Seriousness in play is a statement that is at the least seemingly profound due to its paradoxical nature. Like all paradoxes, we tend to give them our attention even to an absurdly desperate point. Whether this is in an attempt to understand them fully, seek out different variations of perception perhaps, or even hammer it down so it becomes a mantra.

The best way to understand seriousness in play that I have found is via the pairing and contrasting of the terms complex and simple. Pair complex with seriousness, while simple is with play. This implies that all things serious are complex, whereas all things of play are simple.

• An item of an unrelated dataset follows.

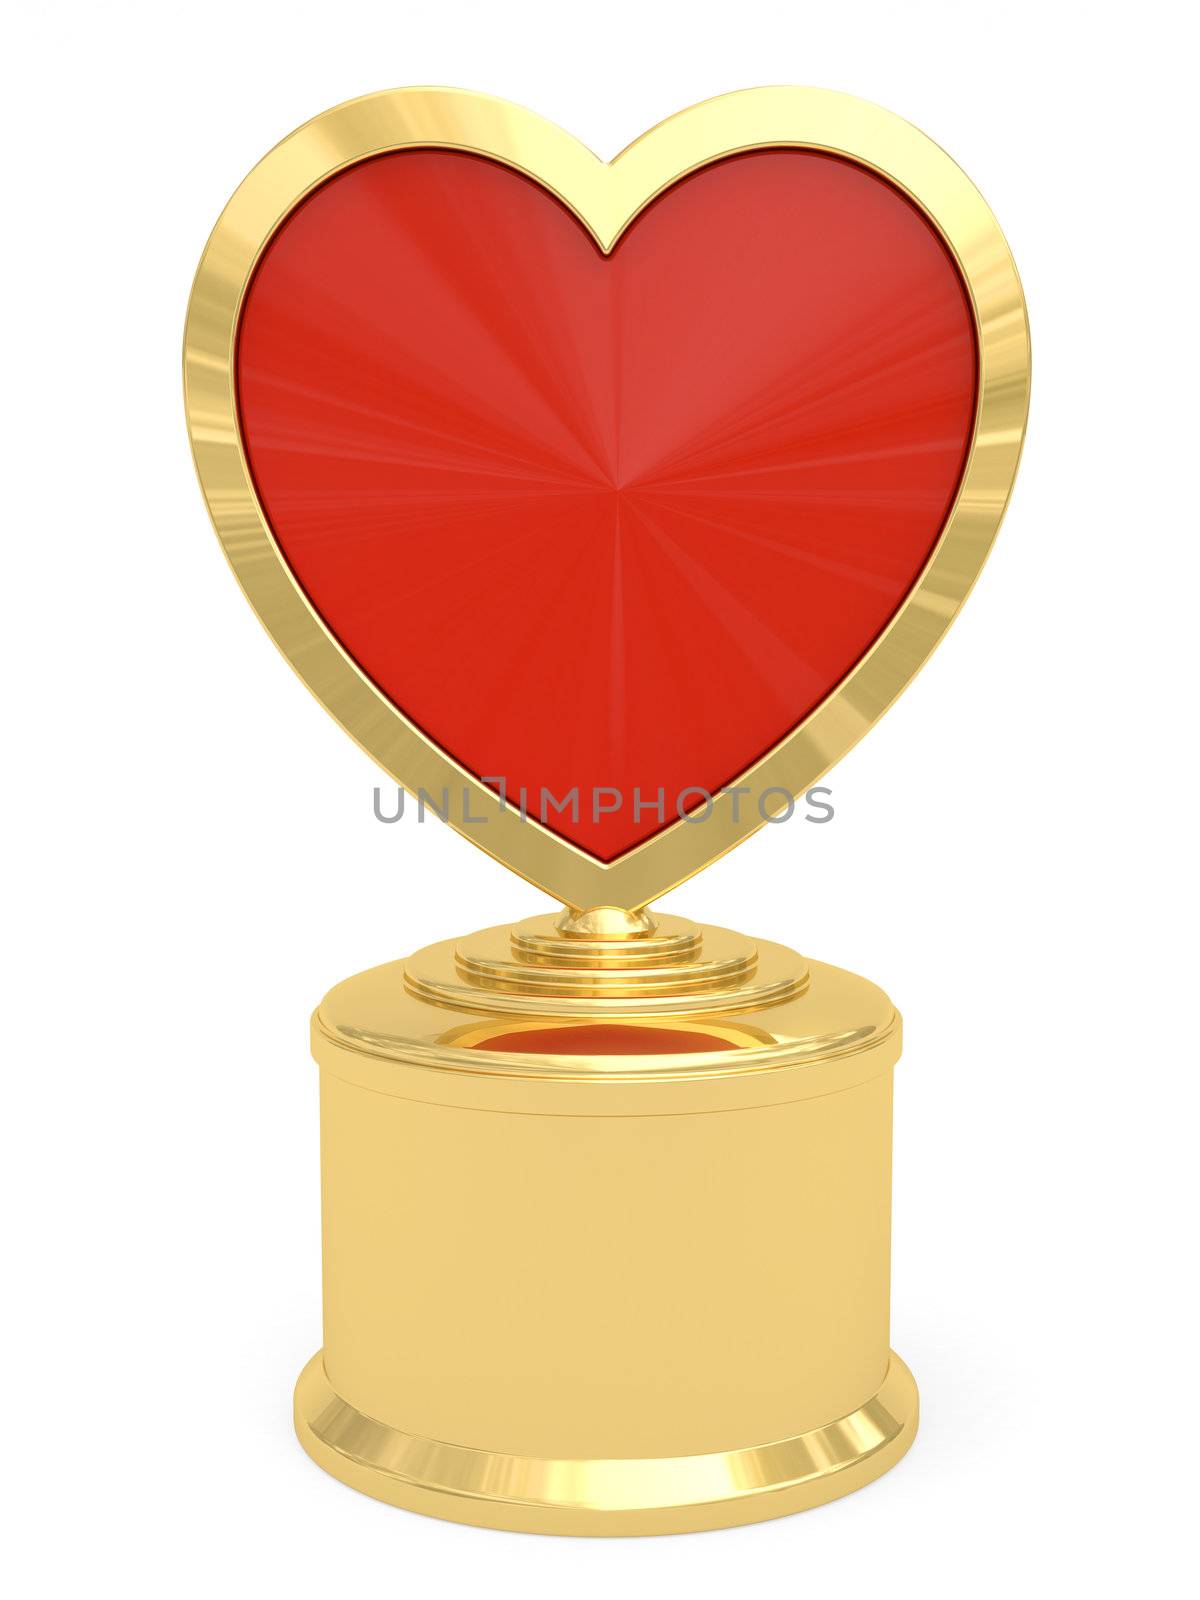 Golden heart shaped prize on white background. High resolution 3D image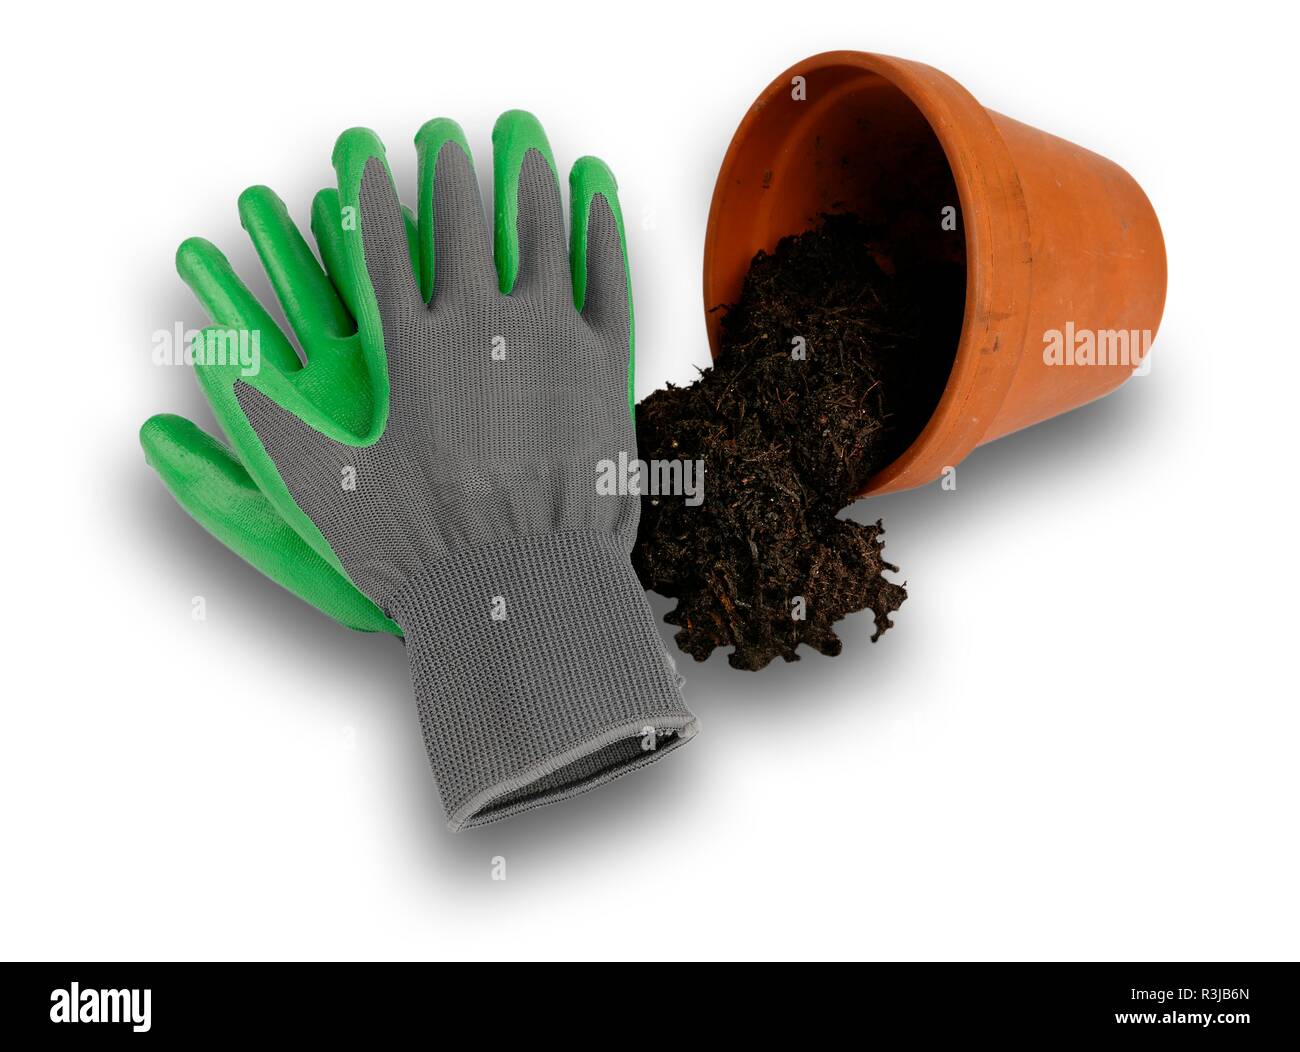 Isolated image of a pair of gardening gloves and a flower pot and compost, with a drop shadow. Stock Photo

We can even observe this in regard to two different expressions in the current moment. When politicians debate and argue over things that may be nothing but nonsense, there is almost always an induced tone of seriousness that urges the seeming complexity of the matter at hand. On the flip side, we see with play that play itself is simple, and when it gets too complex, the essence and nature of play can become fragile and broken down. Perhaps best understood via two children playing a game of house or even tag. House has more rules than tag, yet, the complexity of the game, the simplicity itself is determined via the rules put forth. If one is to play a lax game of house, then it is simple. Going further, if one is to play a true game of tag, it is even simpler.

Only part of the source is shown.